#### Data extract

★ ★ ★ ★ ★

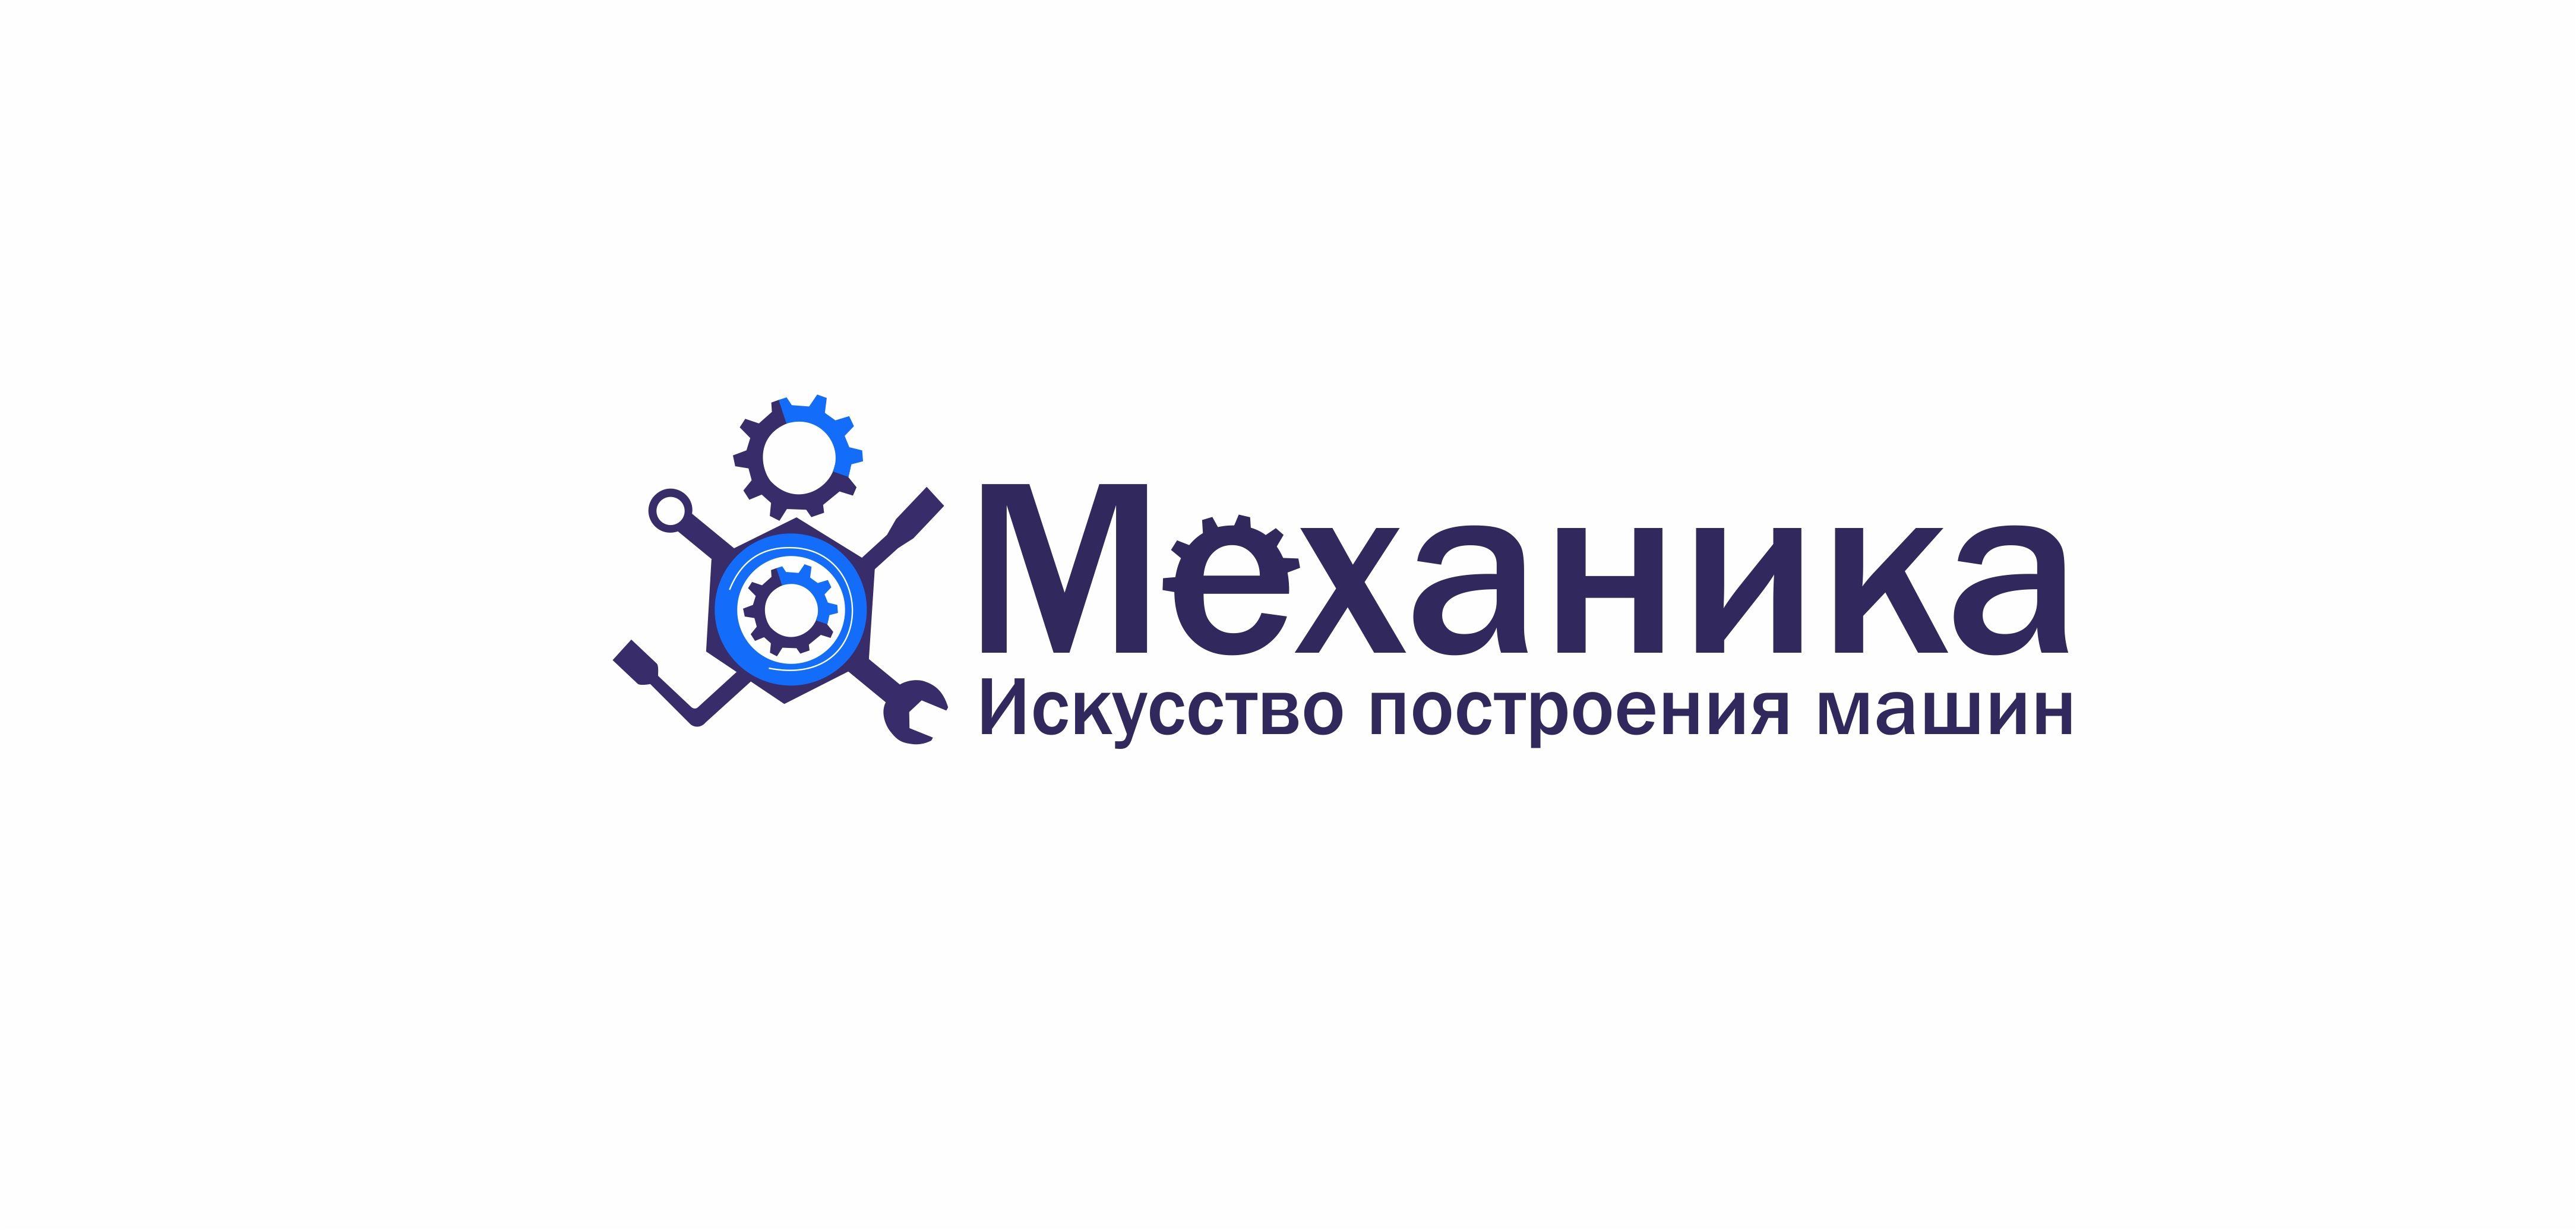 Логотип для магазина автозапчасти 'Механика' - дизайнер oksana123456
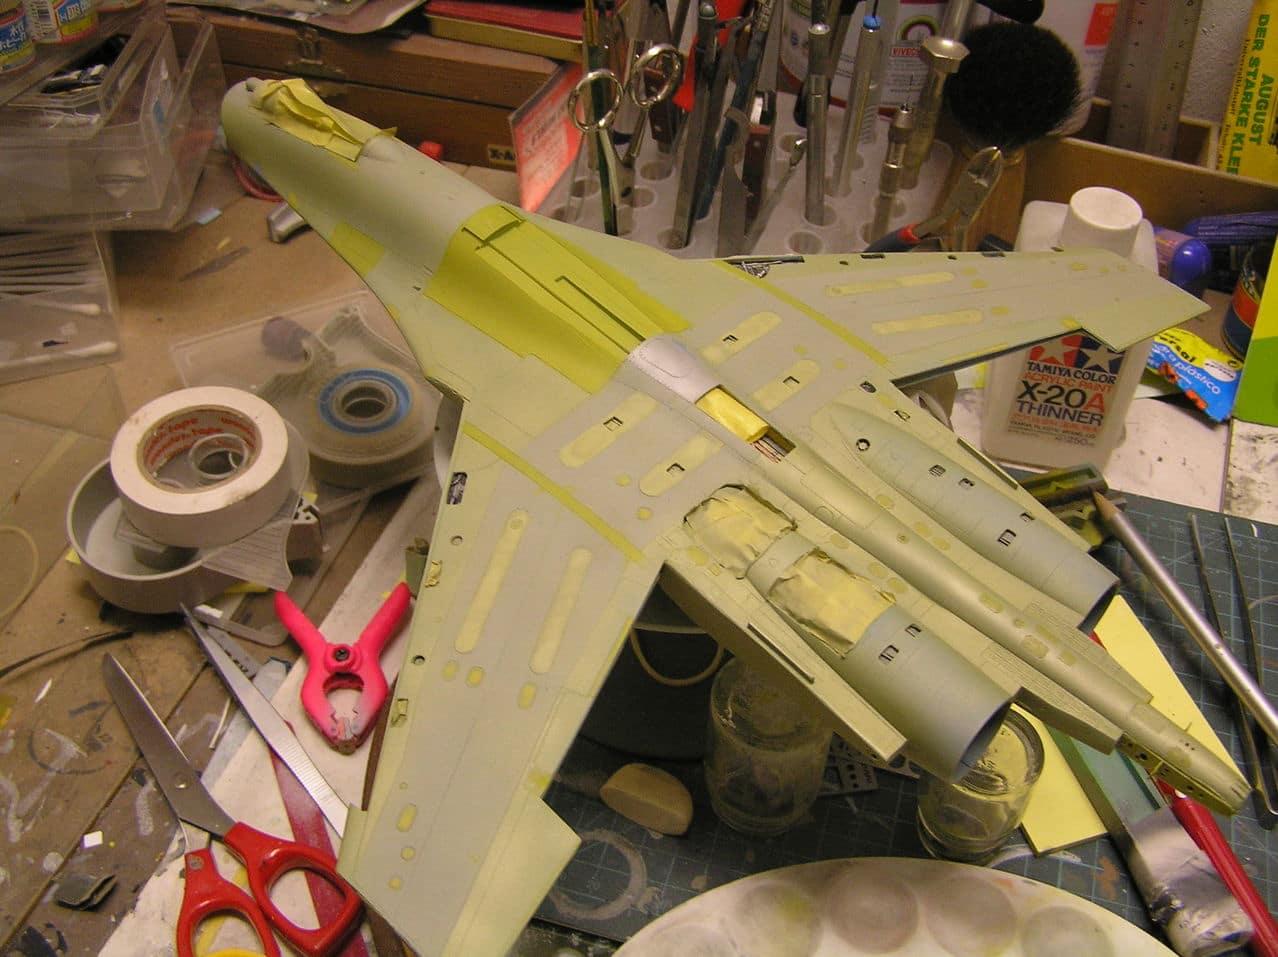 ...καπως ετσι αρχισαν ολα...Su-27  και τα μυαλα στα καγκελα... - Σελίδα 3 P1010176
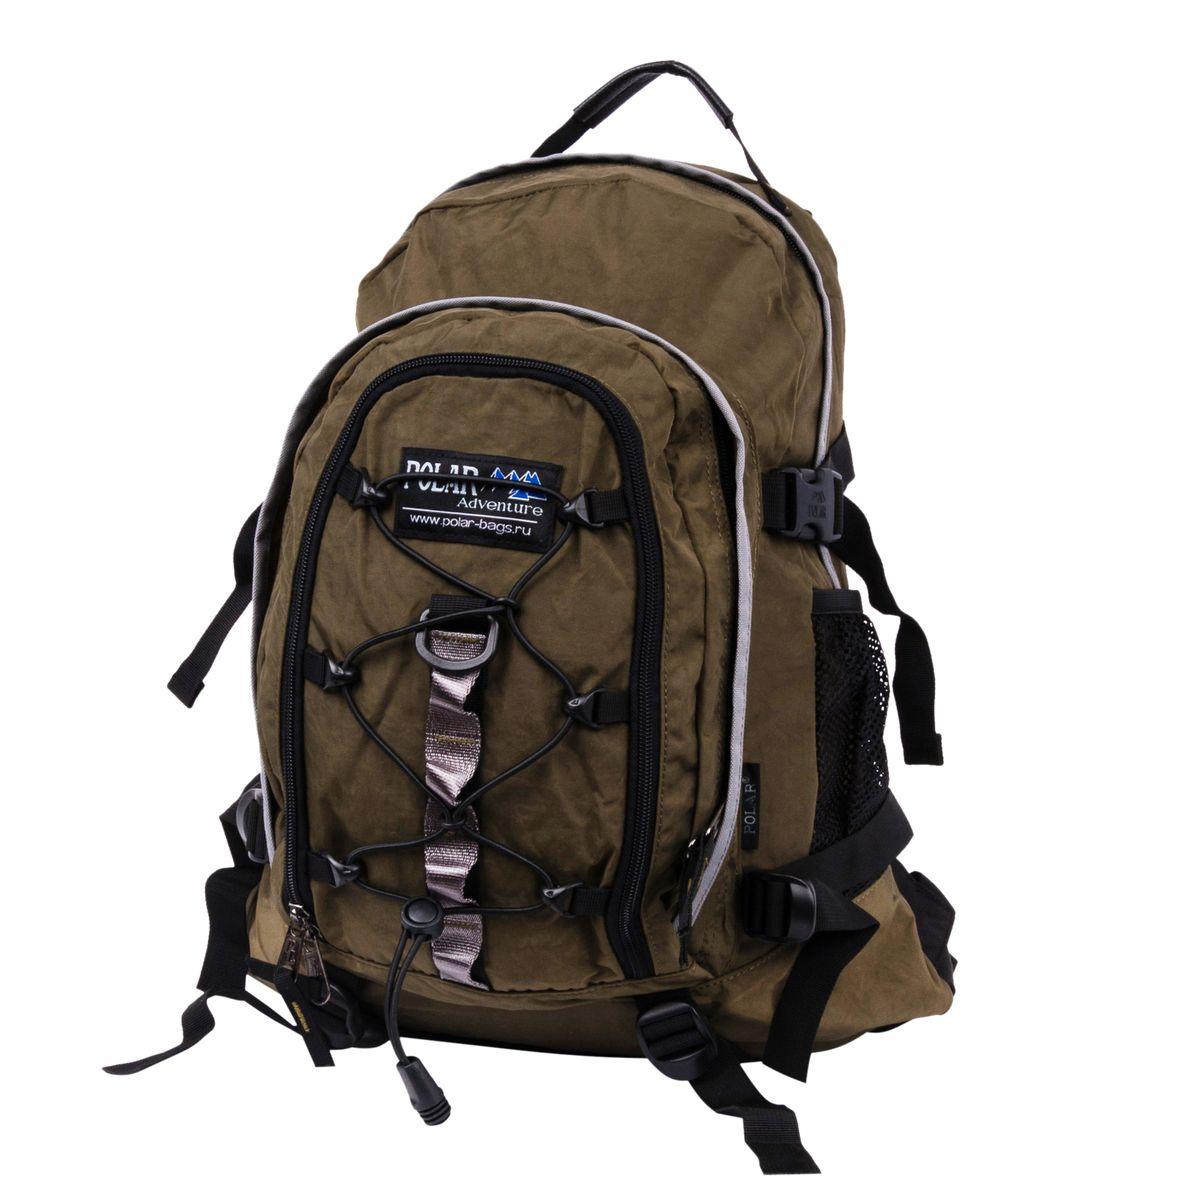 Рюкзак городской Polar, 27 л, цвет: темно-зеленый. П1956-08П1956-08Городской рюкзак с модным дизайном. Полностью вентилируемая и удобная мягкая спинка, мягкие плечевые лямки создают дополнительный комфорт при ношении. Центральный отсек для персональных вещей и документов A4 на двухсторонних молниях для удобства. Маленький карман для mp3, CD плеера. Петли для снаряжения дают возможность крепления на рюкзак дополнительного оборудования. Два боковых кармана под бутылки с водой на резинке. Регулирующая грудная стяжка с удобным фиксатором. Регулирующий поясной ремень, удерживает плотно рюкзак на спине, что очень удобно при езде на велосипеде или продолжительных походах. Система циркуляции воздуха Air. Материал Polyester.

★ ★ ★ ★ ★

#### Goal of the exercise
A verbatim copy of the data, free of pictures, is the expected answer.

#### Exercise solution
 Логотип для магазина автозапчасти 'Механика' - дизайнер oksana123456
 ...καπως ετσι αρχισαν ολα...Su-27  και τα μυαλα στα καγκελα... - Σελίδα 3 P1010176
 Рюкзак городской Polar, 27 л, цвет: темно-зеленый. П1956-08П1956-08Городской рюкзак с модным дизайном. Полностью вентилируемая и удобная мягкая спинка, мягкие плечевые лямки создают дополнительный комфорт при ношении. Центральный отсек для персональных вещей и документов A4 на двухсторонних молниях для удобства. Маленький карман для mp3, CD плеера. Петли для снаряжения дают возможность крепления на рюкзак дополнительного оборудования. Два боковых кармана под бутылки с водой на резинке. Регулирующая грудная стяжка с удобным фиксатором. Регулирующий поясной ремень, удерживает плотно рюкзак на спине, что очень удобно при езде на велосипеде или продолжительных походах. Система циркуляции воздуха Air. Материал Polyester.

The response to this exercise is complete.